As to the requests of plaintiff and her law firm for payment out of the fund, these do not constitute independent claims to the fund but rather a charge against the Pool of a proportionate share of the litigation expenses involved in its recovery of the fund, and consequently these claims should be recognized. Trustees v. Greenough, 105 U.S. 527, 26 L.Ed. 1157; O'Hara v. Oakland County, 6 Cir., 136 F.2d 152.
While the court bases its decision upon the legal principles as above considered, it may be added that practical and equitable considerations point in the same direction. If sub-surface damage was caused to the well by negligent drilling operations of defendant, there was just as much damage to the Pool's % interest in the royalties reserved as there was to plaintiff's % interest. As stated, the plaintiff has an interest in the Pool and is naturally interested in seeing the Pool recover for such damages. The defendant's interest in entering into a stipulation was, first, to avoid the necessity of putting in elaborate proofs in the case at bar, and, second, to avoid a possible double liability for the same wrong. This holding accomplishes both of those things for the defendant. Permitting the Pool to obtain the money involves only single liability on the part of defendant.
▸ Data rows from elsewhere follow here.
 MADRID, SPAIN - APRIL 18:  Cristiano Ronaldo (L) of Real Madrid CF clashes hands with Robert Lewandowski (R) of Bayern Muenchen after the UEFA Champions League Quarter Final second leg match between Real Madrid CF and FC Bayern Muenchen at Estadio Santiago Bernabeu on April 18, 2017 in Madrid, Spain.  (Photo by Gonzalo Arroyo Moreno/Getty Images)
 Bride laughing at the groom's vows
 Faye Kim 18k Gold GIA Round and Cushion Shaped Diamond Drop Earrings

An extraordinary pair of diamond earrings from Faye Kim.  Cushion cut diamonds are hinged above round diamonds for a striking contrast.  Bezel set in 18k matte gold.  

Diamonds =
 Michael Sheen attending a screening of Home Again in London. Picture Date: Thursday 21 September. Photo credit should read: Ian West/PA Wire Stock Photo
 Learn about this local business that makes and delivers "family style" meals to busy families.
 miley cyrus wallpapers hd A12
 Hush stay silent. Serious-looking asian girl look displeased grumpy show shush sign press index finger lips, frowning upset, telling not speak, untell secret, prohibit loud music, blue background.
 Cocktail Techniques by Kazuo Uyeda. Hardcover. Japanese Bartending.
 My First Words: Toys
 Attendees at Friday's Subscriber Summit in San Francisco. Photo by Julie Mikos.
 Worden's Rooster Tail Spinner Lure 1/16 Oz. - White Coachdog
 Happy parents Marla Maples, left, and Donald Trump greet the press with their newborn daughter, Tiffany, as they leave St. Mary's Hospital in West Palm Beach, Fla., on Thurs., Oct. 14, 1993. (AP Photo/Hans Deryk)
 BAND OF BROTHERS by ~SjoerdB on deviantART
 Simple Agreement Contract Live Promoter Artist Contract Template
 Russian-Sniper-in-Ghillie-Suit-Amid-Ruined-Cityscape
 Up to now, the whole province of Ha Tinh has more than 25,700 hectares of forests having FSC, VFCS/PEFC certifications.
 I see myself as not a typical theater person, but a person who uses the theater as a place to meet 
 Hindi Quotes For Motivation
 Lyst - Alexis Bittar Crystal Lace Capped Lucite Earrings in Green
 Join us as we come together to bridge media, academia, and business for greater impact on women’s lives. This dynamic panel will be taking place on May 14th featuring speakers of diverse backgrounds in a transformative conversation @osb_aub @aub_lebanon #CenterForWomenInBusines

An order will be entered directing the fund on deposit to be paid to the Pool after deducting government fees, paying to plaintiff her share of out-of-pocket expenses advanced in the lawsuit, and to plaintiff's attorneys fees to which they are entitled, in accordance with the stipulation filed August 6, 1943. The plaintiff, her attorneys, and the Pool will be required to join in and file a satisfaction of judgment at the time of obtaining the fund, and in addition thereto the Pool will be required to file in this case and deliver to the defendant duplicate originals of a receipt in full and a release of all claims of damages from the operation of defendant on the property in litigation.